Questions, Questions: Why Such Fear and Loathing of Trump?
American Spectator - Sunday January 22, 2017
by Wlady Pleszczynski
Forty-two years ago, I met a woman agent from Hollywood. She was a sweet, diminutive woman originally from Boston. She was a militant leftist, and teased me good naturedly but sometimes bitterly about my work for Nixon. We worked together for decades. She retired and moved to San Diego but I still talked to her on the phone a few times per week.
She was always solicitous about the health of my family members and I was about hers. Hundreds of times we talked of old times and of mental and physical illnesses around us. She did not like Trump. In fact, she was terrified of Trump, but I never could understand why. I told her over and over that I thought Trump had no chance of winning.
Then, on election night, I told her I was wrong. Trump would surely win. Moreover, I told her, my wife and I had voted for Trump out of revulsion at the arrogance of Hillary Clinton.
That was election night. That was about two and a half months ago. That woman, who had been one of the mainstays of my life, who was probably as close to me as any woman in my world except my wife and my sister, has not spoken to me since.
I have written to her asking her to speak to me. She answered with an angry letter rehearsing various grievances she had against me — that she had never mentioned until Trump won. I sent her two large plants. No answer. I sent her another letter asking her to speak to me. No response.
Here’s the crazy part: when I tell this sad story to friends and colleagues, they all have similar stories to tell — about men and women — even brothers — who have refused to speak to the Trump voter.
It’s like the Civil War. Brother has been pitted against brother and children versus parents. I have not seen this level of bitterness before. Even in the Nixon days, I did not see such rage on the part of my leftist friends except from one nutcase (naturally, a psychologist).
Why? Why is Trump unleashing such rage? Obviously, it’s not policy. No one gets to hate a friend over tariffs. No one stops speaking to a brother over immigration rules. No one gets a mad hate over corporate tax rates.
No, it has to be about personality. There is something in Trump that frightens the haters. Or else there is some weakness in Trump that excites bullies. A brilliant shrink once told me that the reason some hated RN was that he was a “weak but dominant father figure.” Children hate that. They would fear but love a strong figure (like Stalin). But they would have anger and contempt for the dominant father figure whom they thought of as weak.
Trump is not Nixon though. He’s a tough guy. He’s a shtarker, as we say in Yiddish. So, maybe some people hate a strong and dominant father figure. Maybe we don’t know what’s going on.
We do know that the left has an astonishing capacity for hate. It organizes their thoughts, their poor jumbled up, nonsensical thoughts.

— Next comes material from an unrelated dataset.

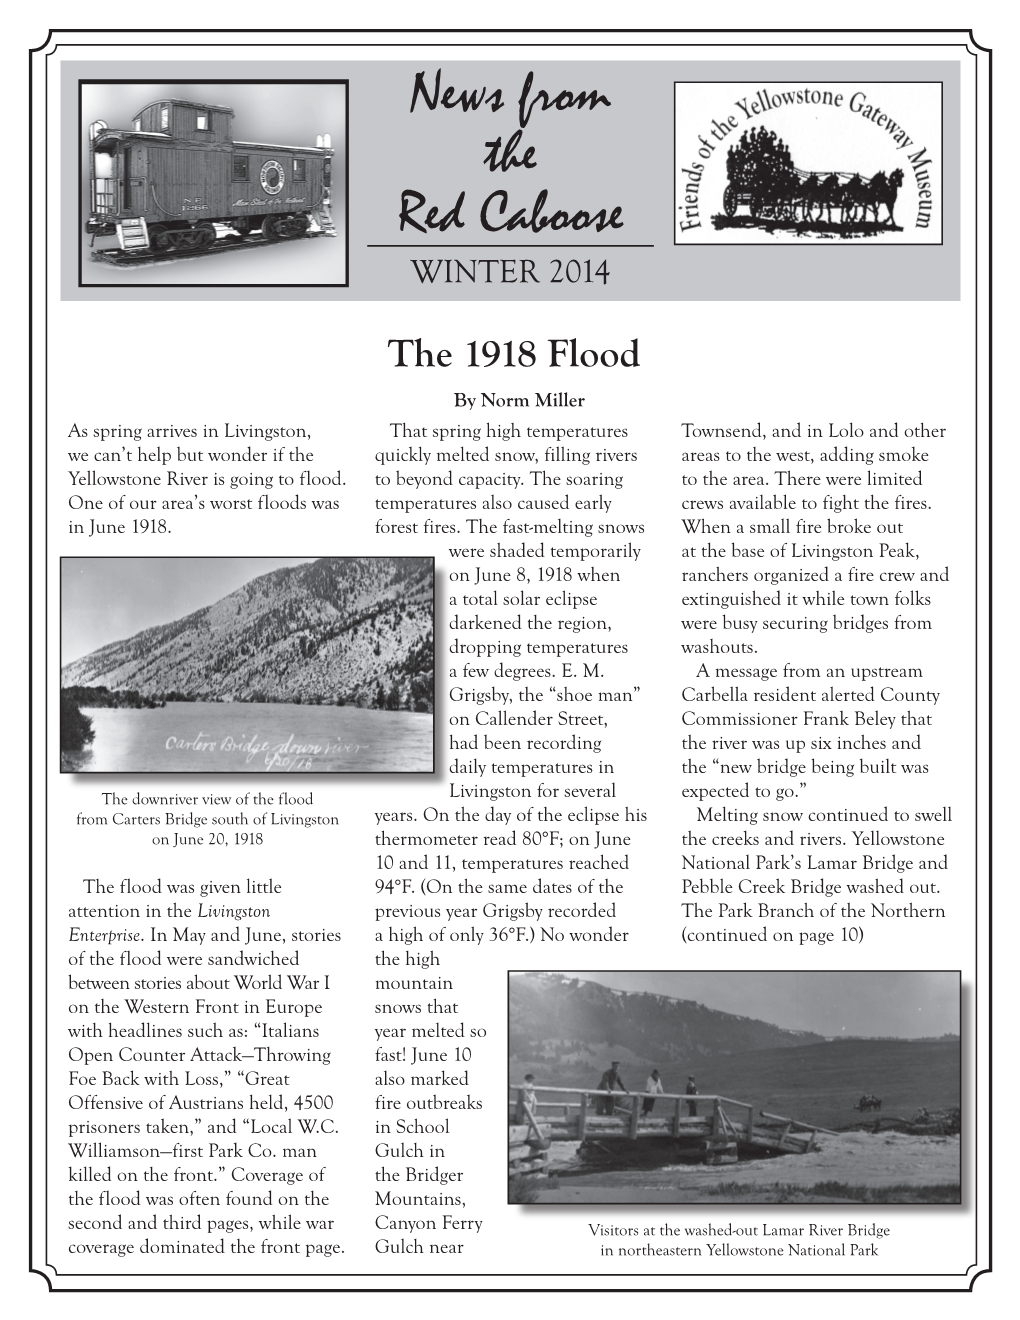 News from the Red Caboose WINTER 2014

Think of Orwell’s Two Minute Hates, in 1984, which brought the people of Ingsoc together and helped them forget their misery. Think of Kristallnacht. Think of KKK lynchings. Think of the look of gleeful fury on the faces of women demanding that there be no interference with their “right” to murder their own children.

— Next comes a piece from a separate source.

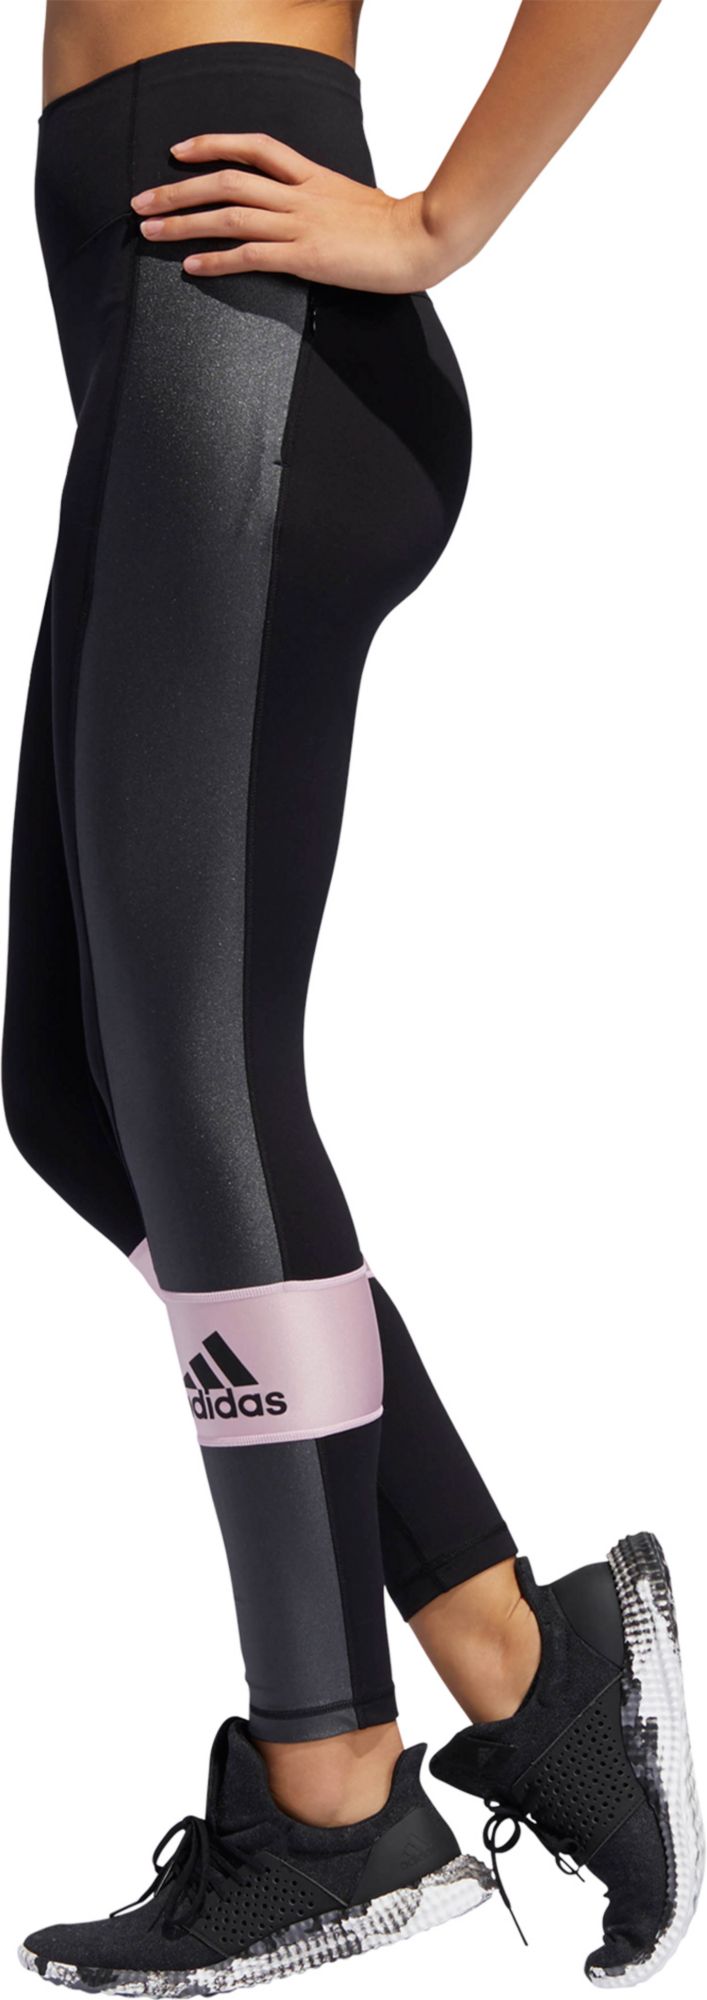 believe this high rise tights

Now, think: why does this hate and rage almost always come from the left? Why are there no riots of white men demanding that hands be kept off their guns? Why are there no mass marches of people who have worked and paid taxes all of their lives demanding an end to subsidizing the willful idleness of some groups? Decent, life-loving men and women march for life. But they don’t riot for life.

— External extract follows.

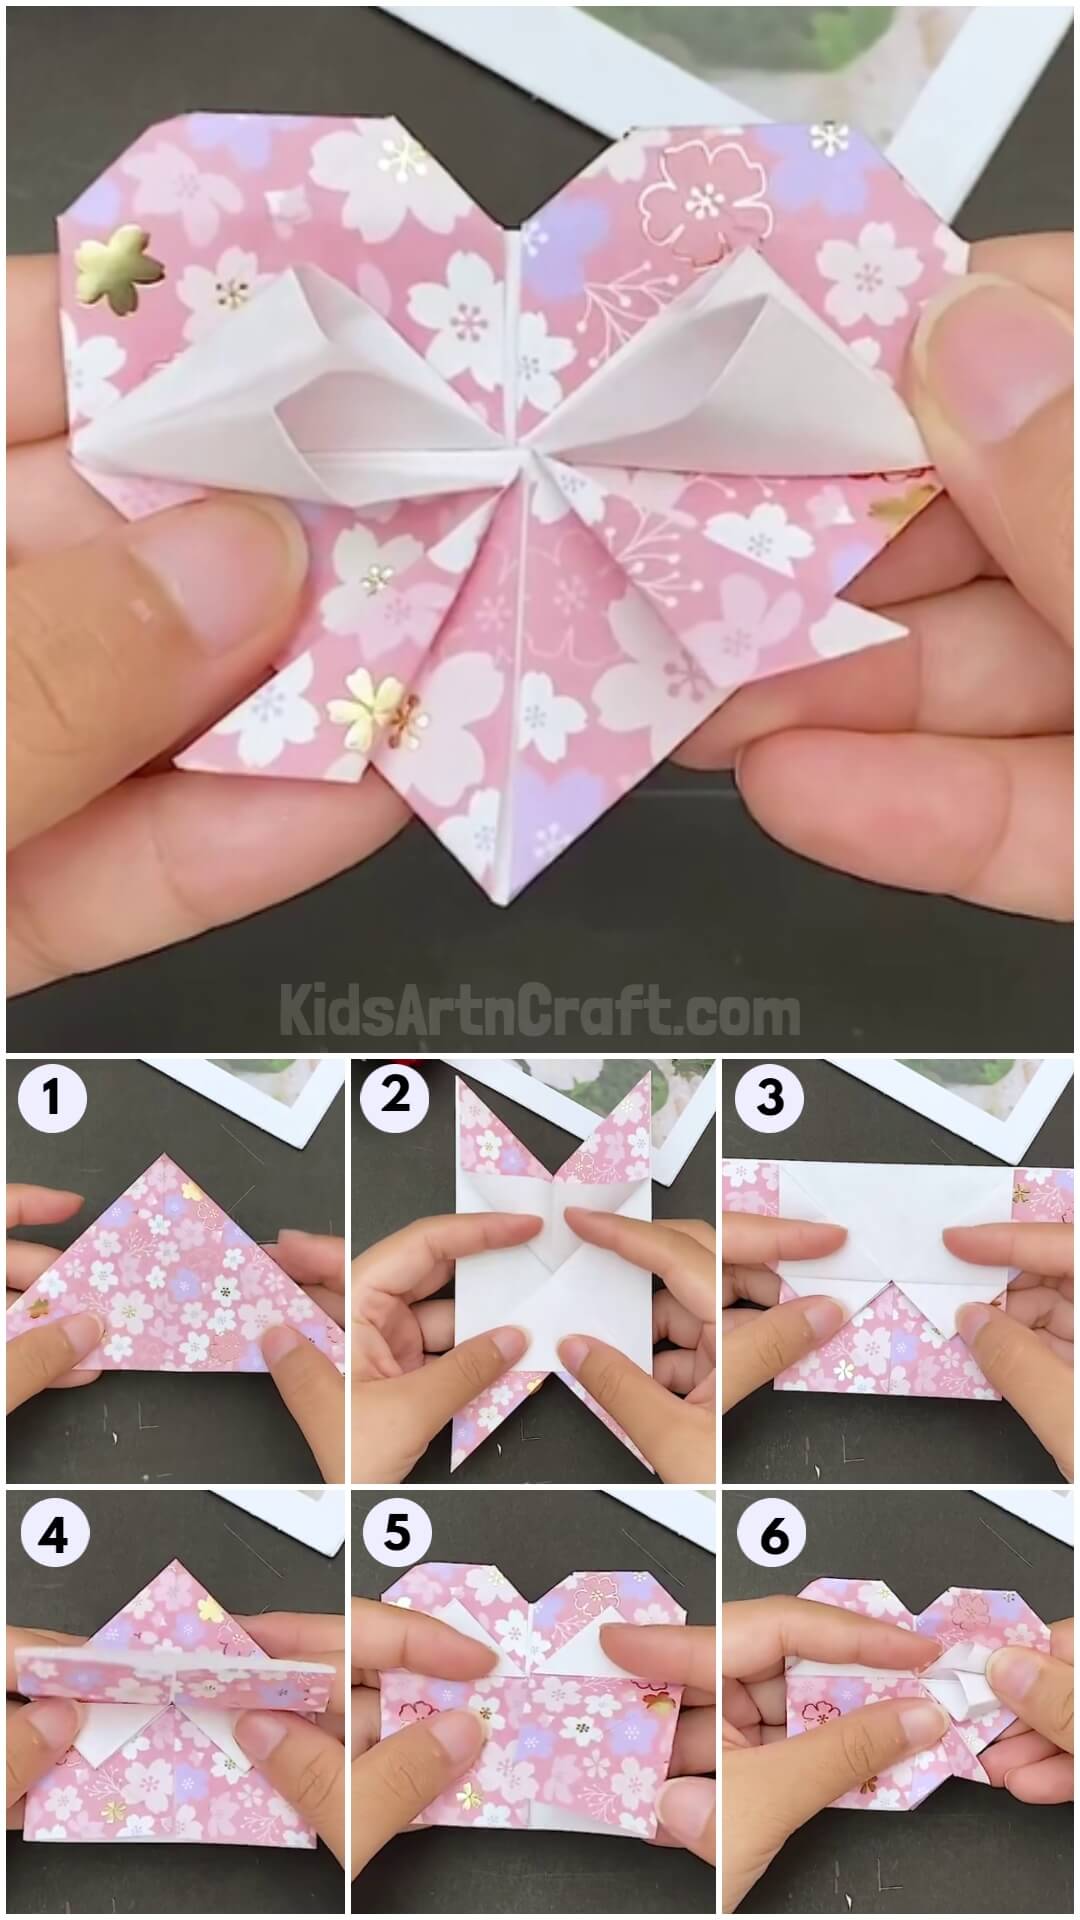 How To Make Origami Heart Envelope Step-by-step Tutorial

So why does Trump, whose speeches are largely meaningless clichés (what does “turning power back to the people today” even mean?), get people so frightened and so furious? Almost everything big in life is about fear. But I just don’t get it. Jimmy Kimmel finds Trump mostly amusing — and so do I. What are others so afraid of?
By the way, in seven days, he will have been in office nine days. Time for his Nobel Peace Prize. And what a genius Bob Dylan was to not show up for his. Meanwhile I have lost a close friend and it breaks my heart.